= Exercise details =
Exactly the lines below from the line with "Curse of Strahd" through the line with "Felicity Sweater in Navy with Burgundy Bows" must make up the answer, both ends included and pictures left out.

= Dataset extract =
= = = =

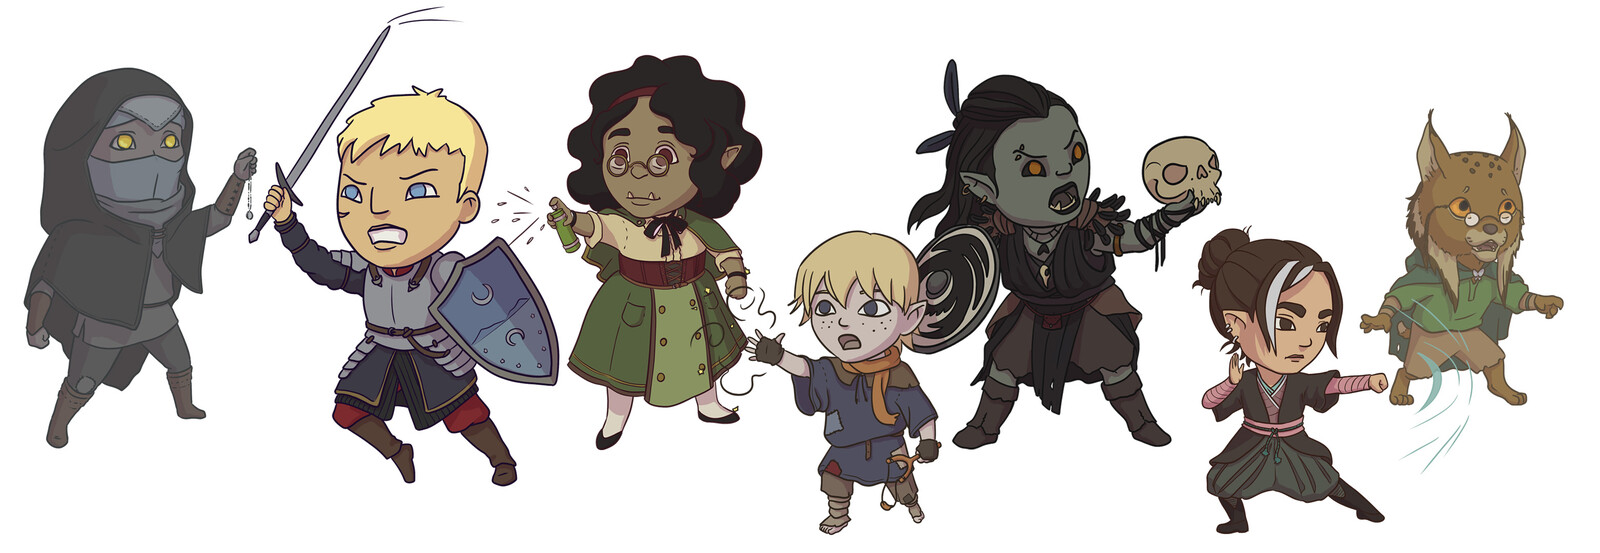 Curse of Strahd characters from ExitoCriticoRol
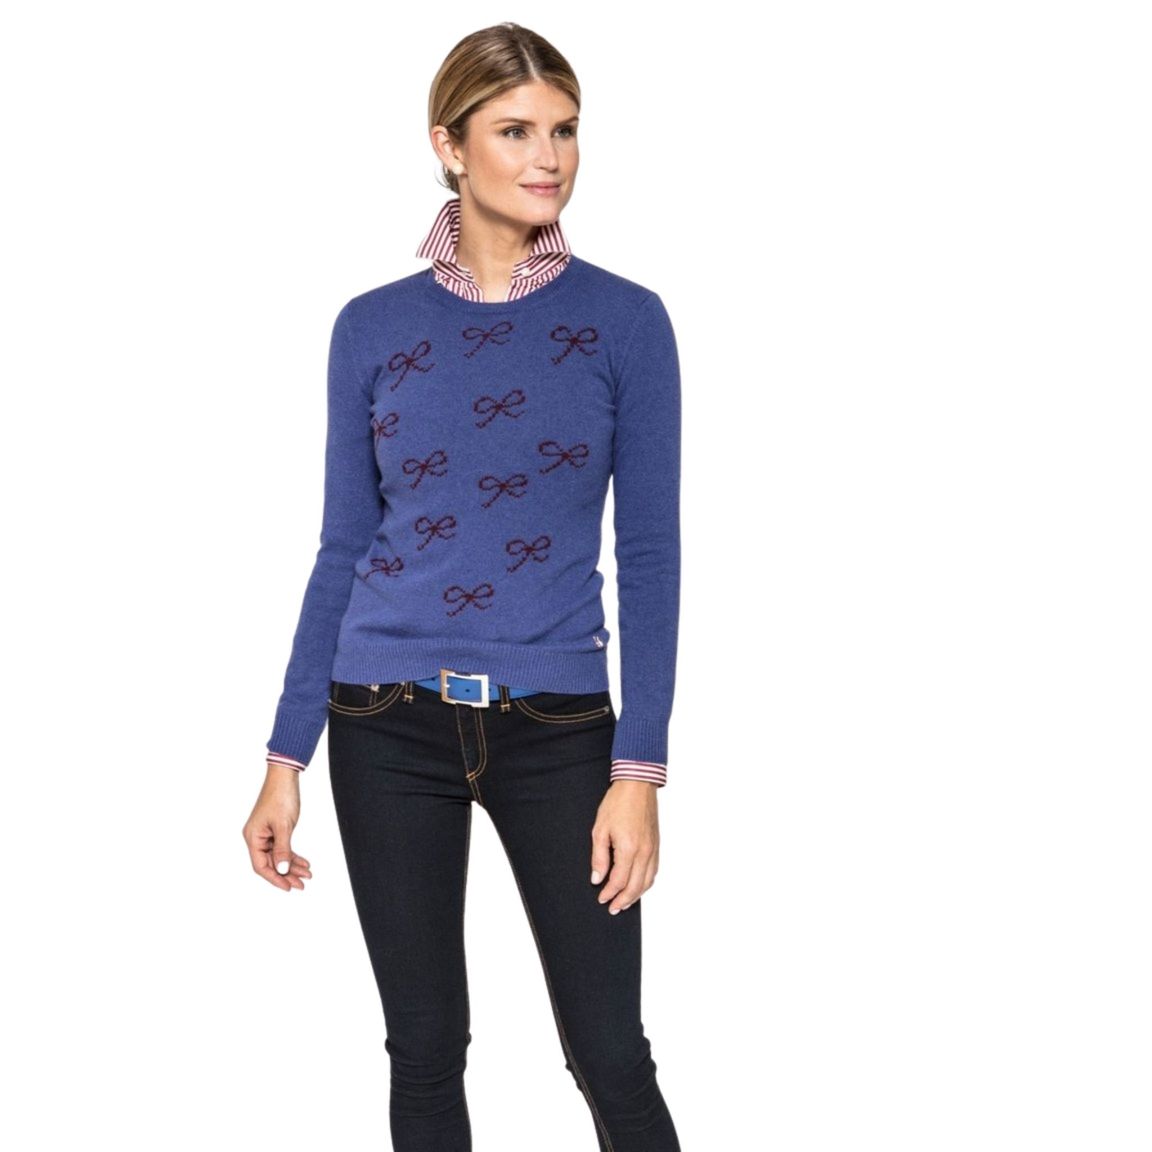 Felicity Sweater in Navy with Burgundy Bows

= = = =

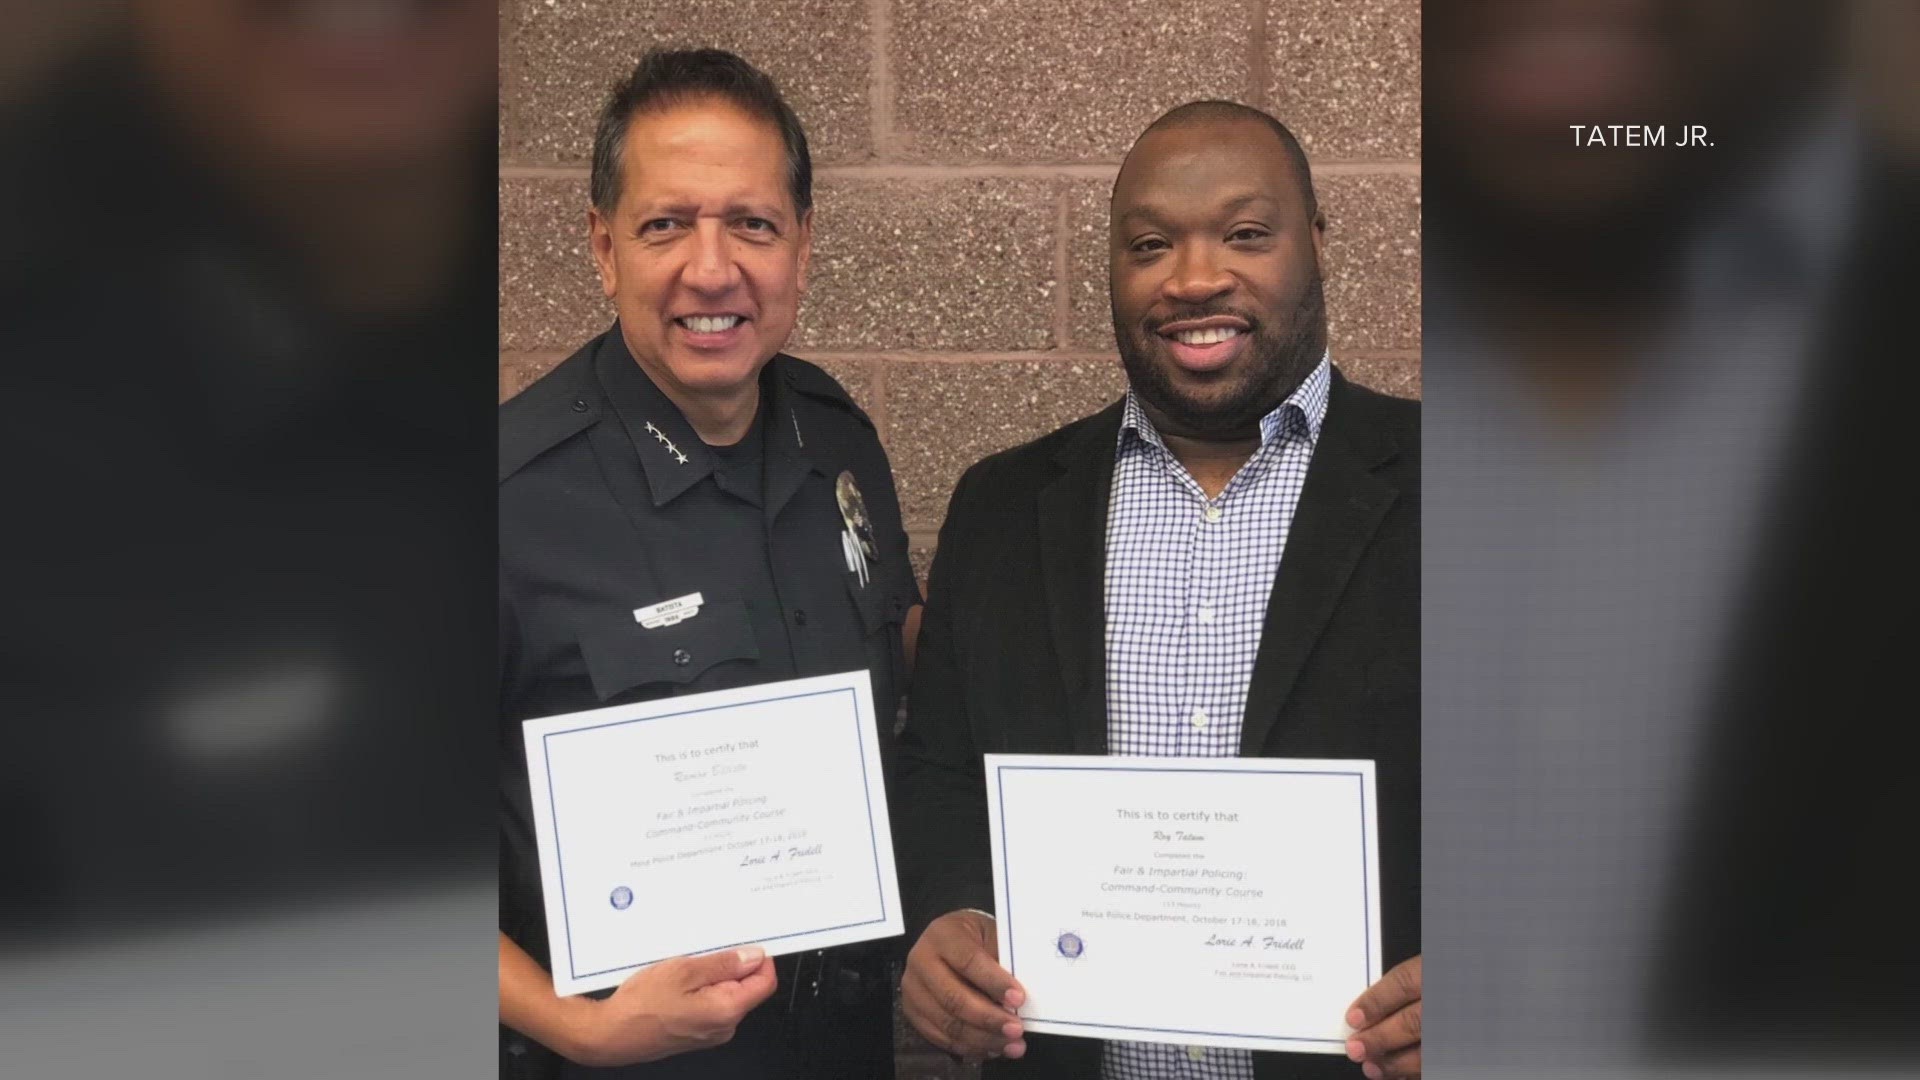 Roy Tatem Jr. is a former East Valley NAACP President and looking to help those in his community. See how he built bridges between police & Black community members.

= = = =

= Task solution =
 Curse of Strahd characters from ExitoCriticoRol
 Felicity Sweater in Navy with Burgundy Bows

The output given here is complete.